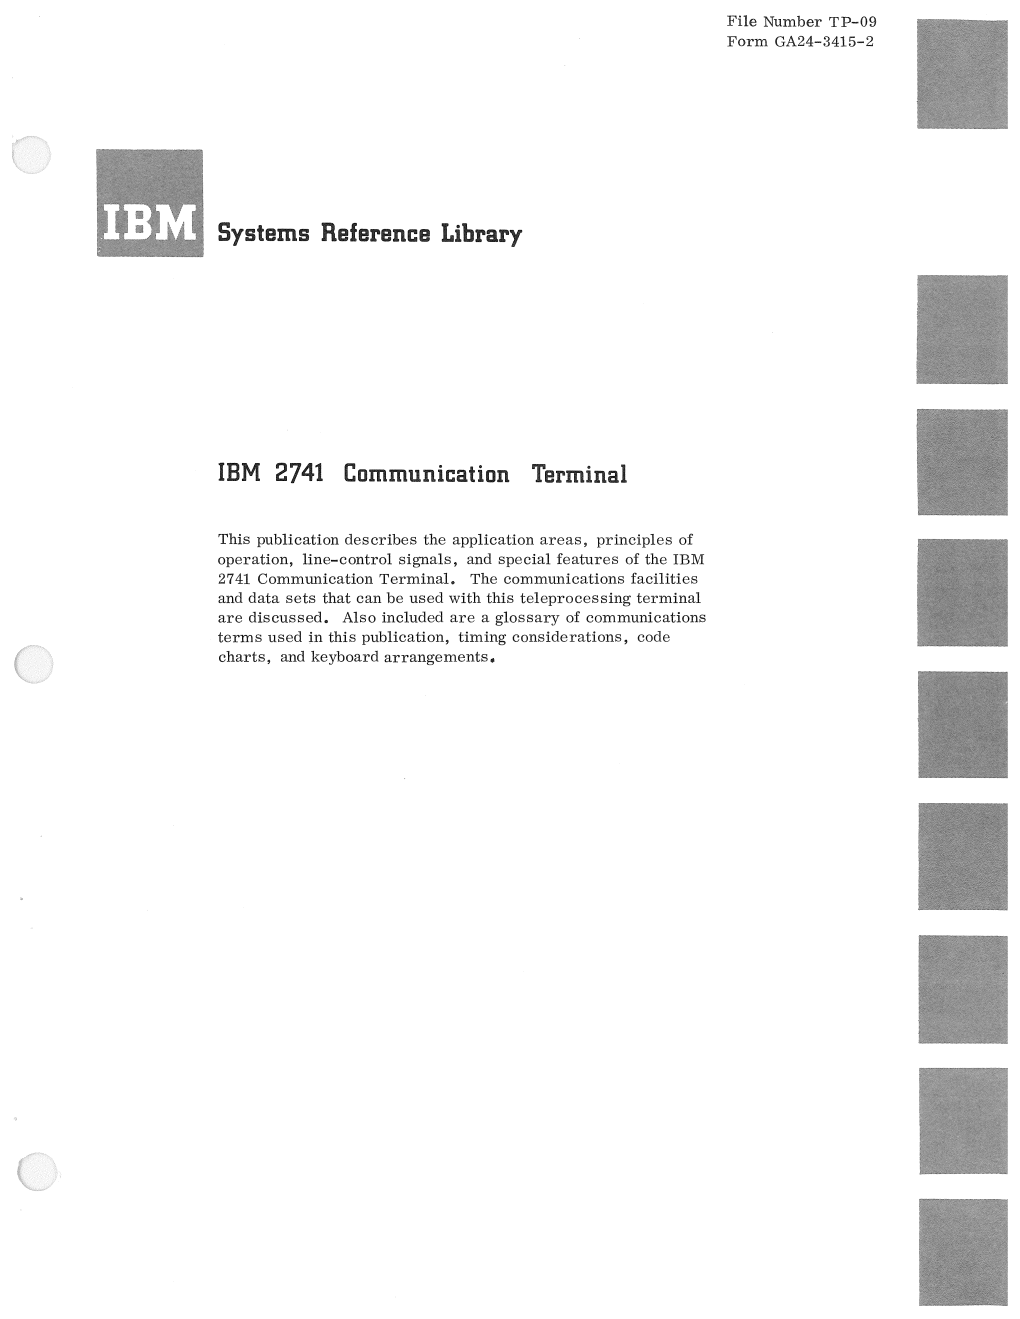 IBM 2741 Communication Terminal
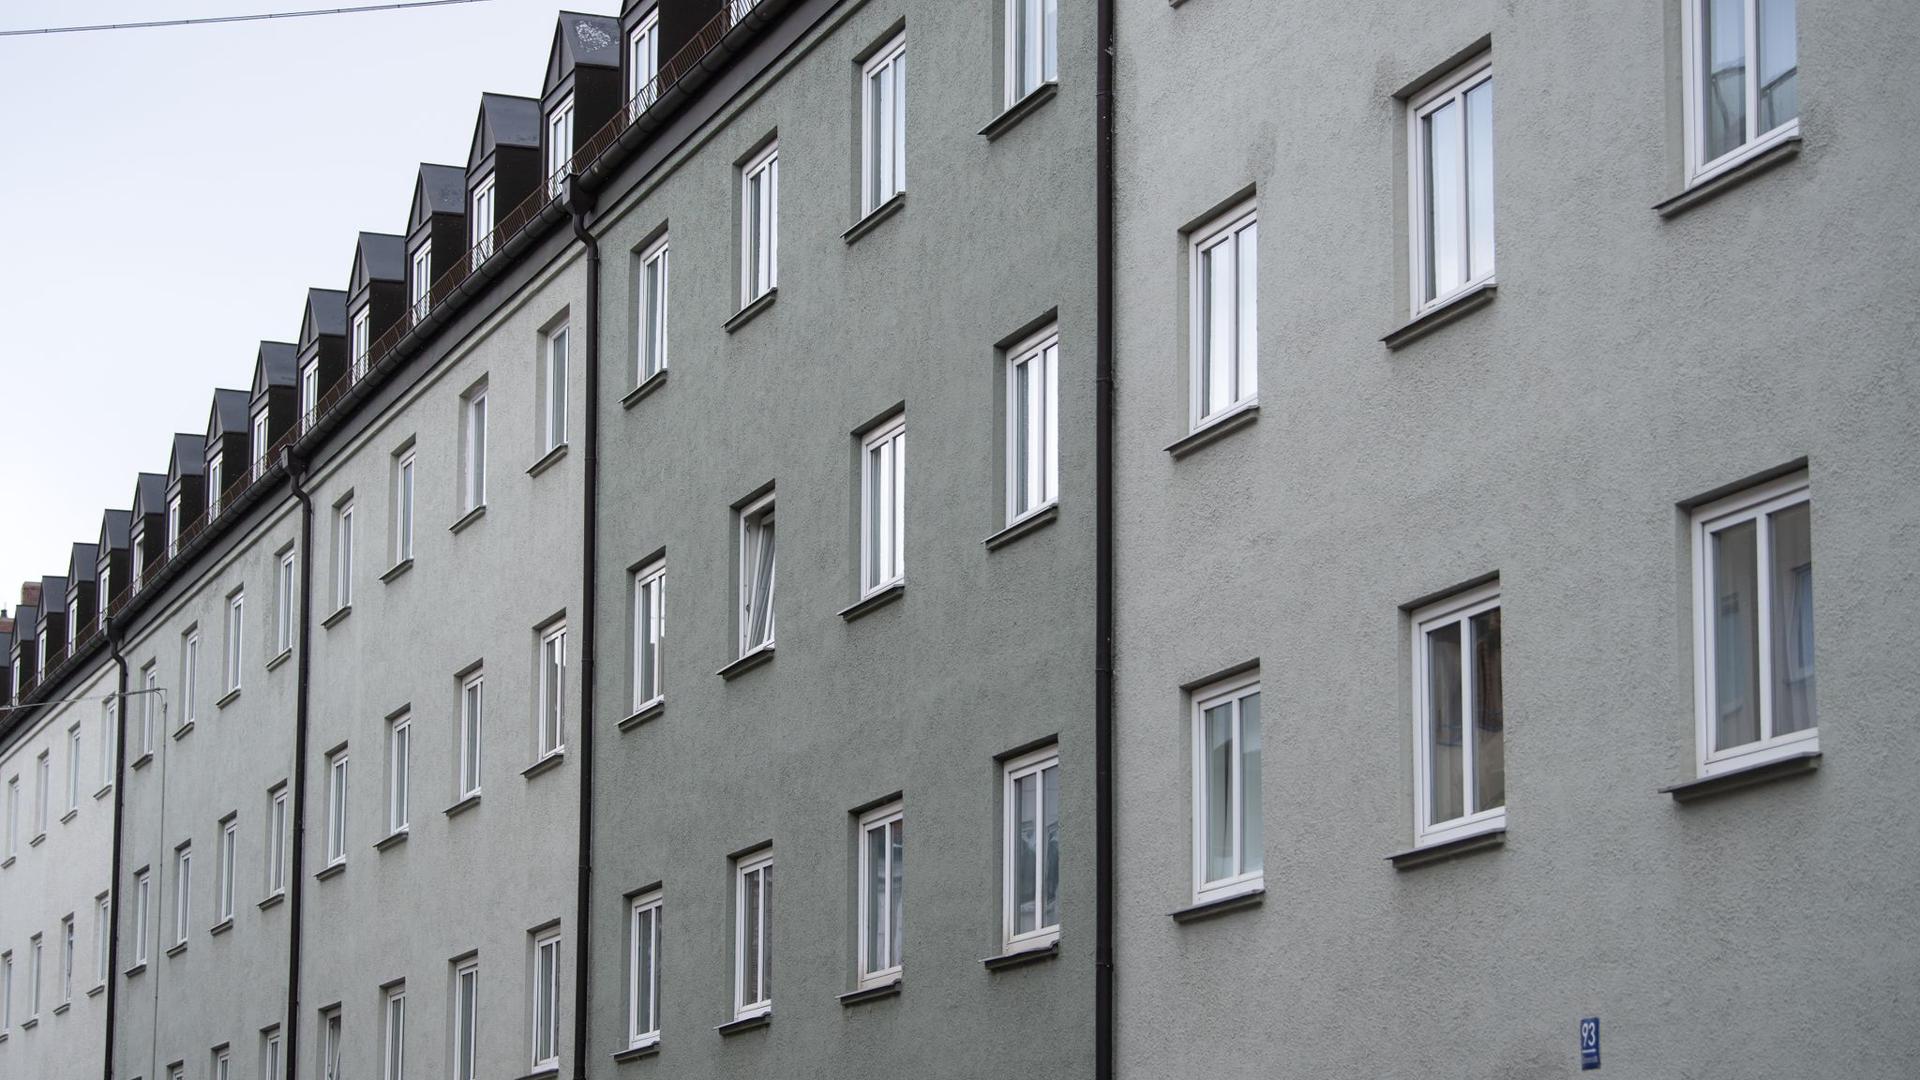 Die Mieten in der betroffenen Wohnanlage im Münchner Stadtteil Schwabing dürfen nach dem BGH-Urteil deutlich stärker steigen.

--

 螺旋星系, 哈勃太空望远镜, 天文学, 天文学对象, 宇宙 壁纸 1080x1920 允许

__YOUR INSTRUCTIONS__: An exact copy of the lines above from the one with "IBM 2741 Communication Terminal" up to and including the one with "Die Mieten in" is required; reproduce only those lines, omitting all pictures.

__RESPONSE TO THIS EXERCISE__:
 IBM 2741 Communication Terminal
 Die Mieten in der betroffenen Wohnanlage im Münchner Stadtteil Schwabing dürfen nach dem BGH-Urteil deutlich stärker steigen.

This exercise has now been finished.